Brudzyńska K, Zbikowski W, Walter Z
Acta Biochim Pol. 1982;29(1-2):65-79.
DNA-dependent RNA polymerases from calf thymus tissue were solubilized and purified. Among seven chromatographically different forms of RNa polymerases obtained on DEAE-cellulose or DEAE-Sephadex chromatographies three subclasses of enzymes C were found. General enzymatic properties as: a moderate sensitivity to alpha-amanitin, divalent cation requirements, the preference for native DNA, efficient transcription of poly[d(A-T)], were similar to those described for C RNA polymerases from other sources. The molecular structures of CI, CII and CIII enzymes were indistinguishable; the enzymes were composed of two high molecular polypeptides 158,000 and 138,000 and several smaller subunits 99,000, 80,000, 78,500, 64,500, 52,000, 44,000, 32,000 and 24,000. Transcriptional activities of the chromatographically distinct forms of C polymerases were the same. The C enzymes exhibited striking affinity for homologous native A-T enriched DNA; Km values showed the greater number of binding and initiation sites localized in this template; therefore, A-T pairs are considered to be starter points for the transcription process catalysed by class C RNA polymerases.

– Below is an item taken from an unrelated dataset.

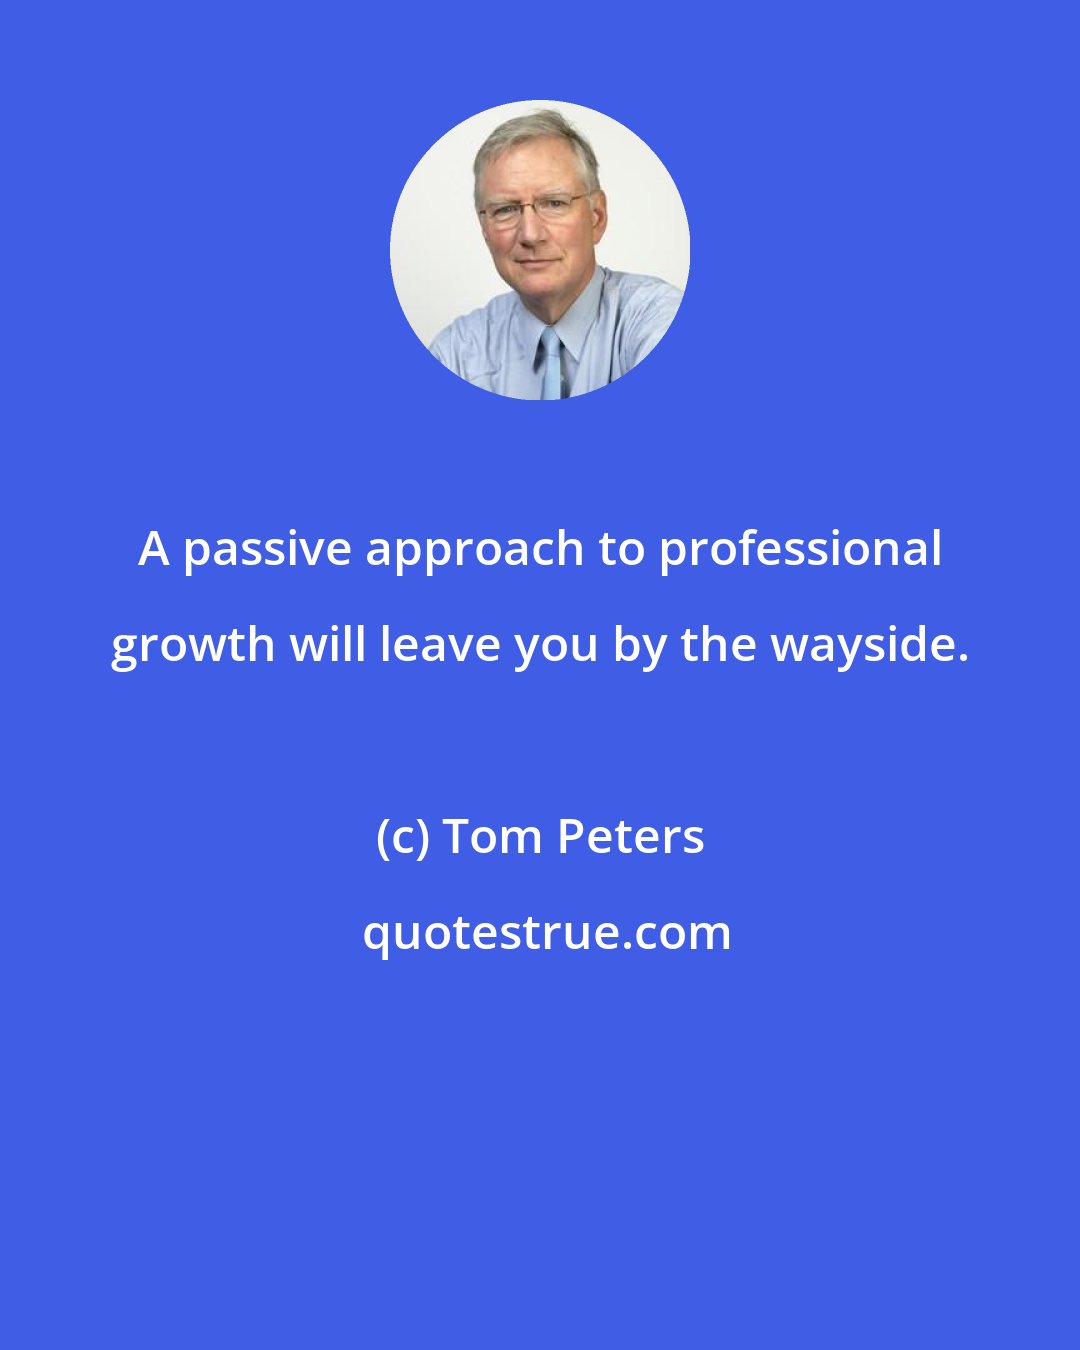 Tom Peters: A passive approach to professional growth will leave you by the wayside.
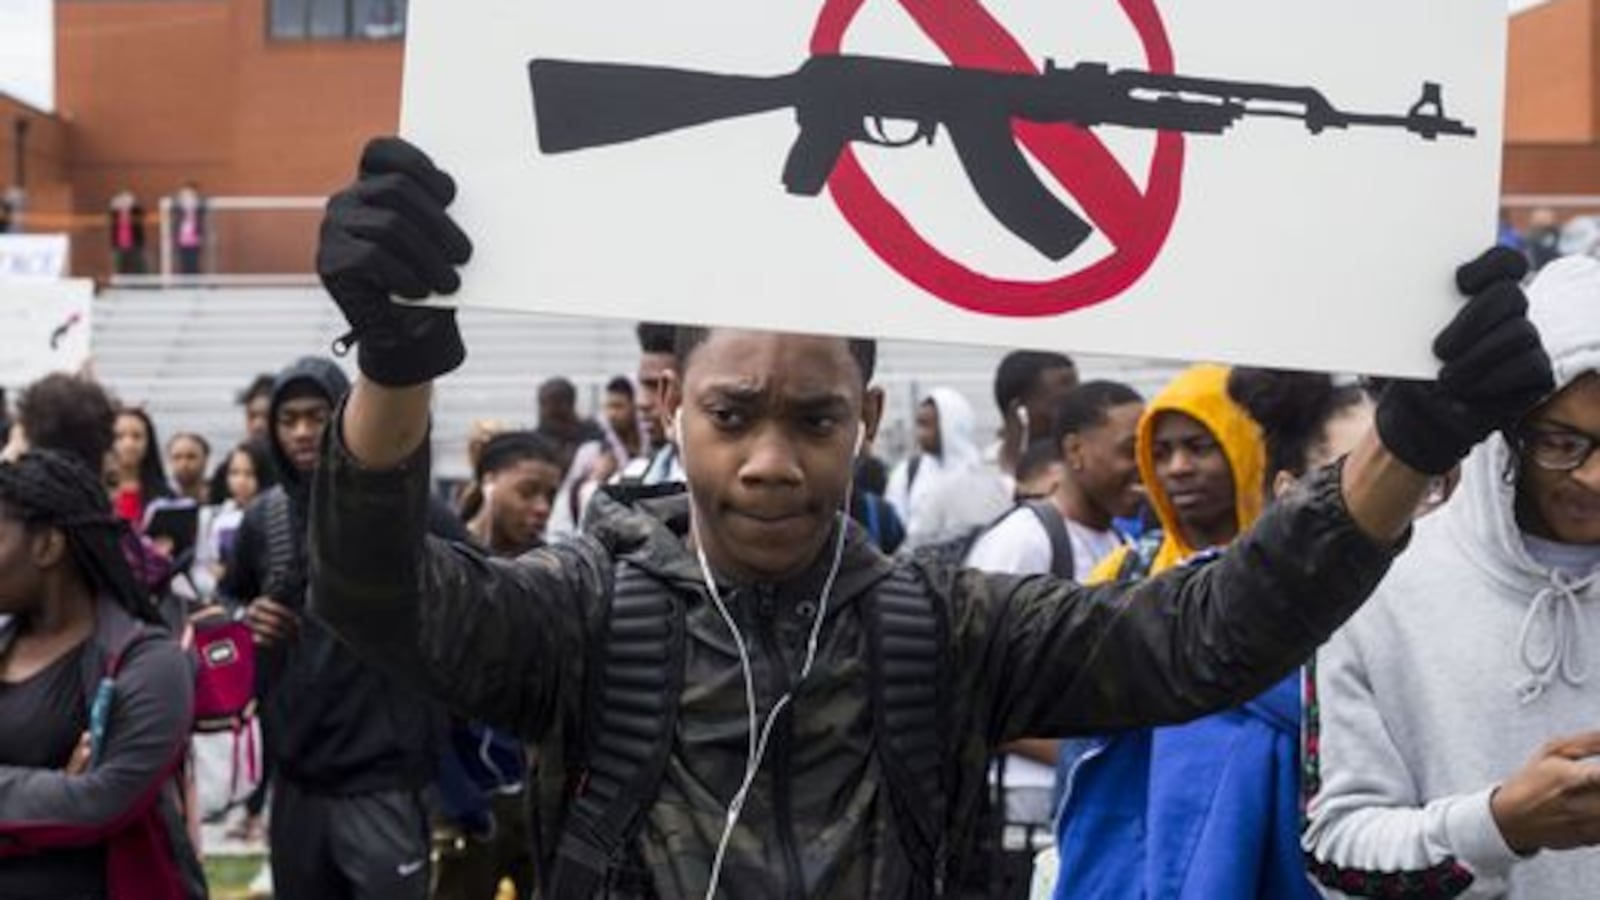 Kyus Carter, a junior at Cordova High School, holds up a sign during a student walkout last year to protest gun violence.

小牛胸腺组织中的依赖DNA的RNA聚合酶被溶解并纯化。在通过DEAE-纤维素或DEAE-葡聚糖凝胶色谱法获得的七种色谱不同形式的RNA聚合酶中,发现了三类酶C。其一般酶学性质,如对α-鹅膏蕈碱的中等敏感性、对二价阳离子的需求、对天然DNA的偏好、对聚[d(A-T)]的高效转录,与其他来源的C RNA聚合酶所描述的性质相似。CI、CII和CIII酶的分子结构无法区分;这些酶由两条高分子多肽158,000和138,000以及几个较小的亚基99,000、80,000、78,500、64,500、52,000、44,000、32,000和24,000组成。色谱上不同形式的C聚合酶的转录活性相同。C酶对同源的富含A-T的天然DNA表现出显著的亲和力;Km值表明该模板中存在更多的结合和起始位点;因此,A-T对被认为是C类RNA聚合酶催化的转录过程的起始点。